Among the first areas the new department targeted was the predominantly Italian “Lung Block,” bounded by Hamilton, Catherine, Cherry and Markets Sts. The 1907 and 1908 Tenement Department report noted that the block had the highest death rate of any block in the city; claiming there were 58 tenement houses in the 45-acre block with 829 families consisting of 4,145 people.

The reports of 1912-1914 noted the gradual elimination of many “Old Law” buildings but noted that some owners circumvented height requirements and limits on the number of allowable apartments by putting a store on the first floor that also contained apartments in the back.

Rear apartment rooms of a store at 193 Manhattan Avenue, 1935. NYC Municipal Archives Collection.

State lawmakers, apparently at the behest of owners and real estate interests, made periodic efforts to water down the law. The Department noted various schemes that included failing to file paperwork, making misleading and inaccurate claims and trying to grandfather in some dangerous buildings. In its 1915 and 1916 report, the Department said legislators passed various laws in “attempts to destroy” the “Department’s efficiency,” but Mayor John Mitchell vetoed them.

Rents continued to rise, and the Department noted that budget cuts and fewer inspections as part of a “do nothing policy” from 1918 through 1929 gave owners “no incentive to do anything” to improve rapidly deteriorating properties and deteriorated.

Family at kitchen table in a dumb-bell “New Law” tenement, ca. 1935. Note the angled kitchen window onto an air shaft. NYC Municipal Archives Collection.

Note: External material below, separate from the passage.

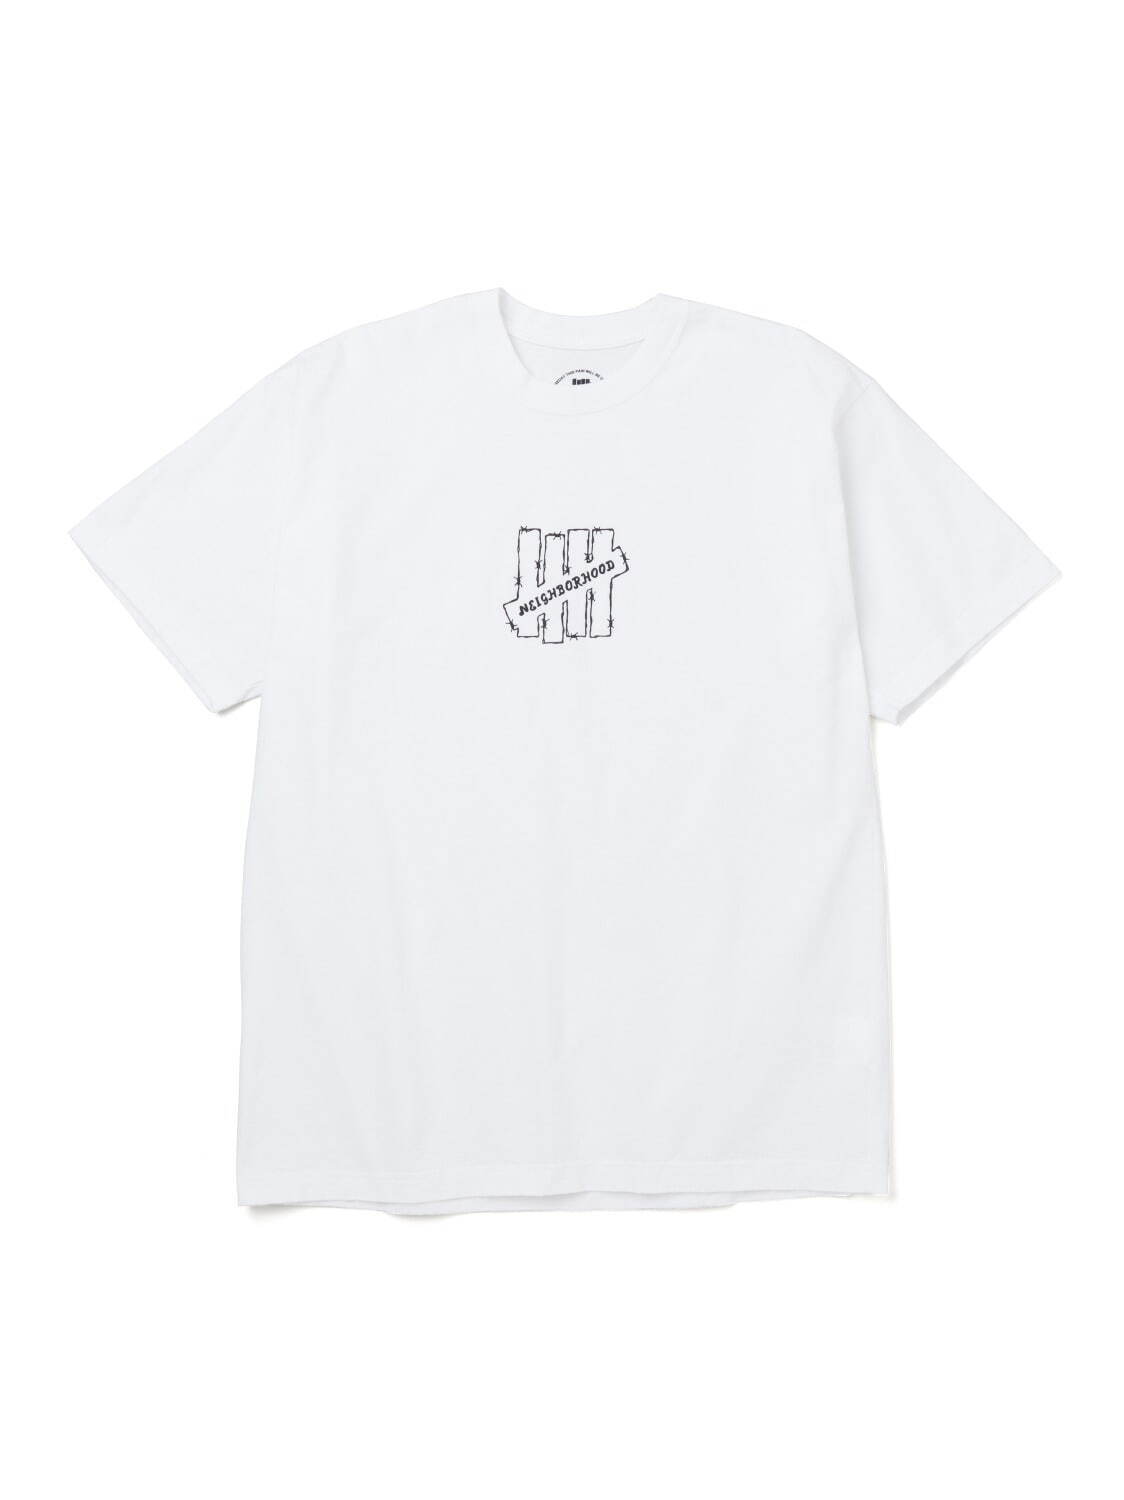 Tシャツ 8,800円(税込)

In 1927, the State Legislature declared the Tenement House Law had “outlived its usefulness” and replaced it with the Multiple Dwelling Law. Around that time, as the Tenement House Department saw its effectiveness slipping away, the Fred W. French Company began buying and emptying buildings in the old Lung Block and used federal funds to erect the “affordable” Knickerbocker Village in what is now Chinatown.

Part of his argument, as quoted in the Lung Block Exhibit, was that poor people had no reason to live in Manhattan and should be replaced with “a certain class” of middle-class and more affluent people (aka gentrifiers) who were “wasting their time” commuting to work from the suburbs or other parts of the city.

Knickerbocker Village, Catherine and Monroe Streets, 1937. WPA Federal Writers’ Project Collection, Neg. 529. NYC Municipal Archives.

In 1933, French declared: “Another class of people, who live there now, and who need not live there… would thus make room for those tortured men and women who have suffered in the subways.”

Three hundred and seventy-nine Lung Block area families wanted to relocate to the “affordable” Knickerbocker Village, but only three could afford the rents.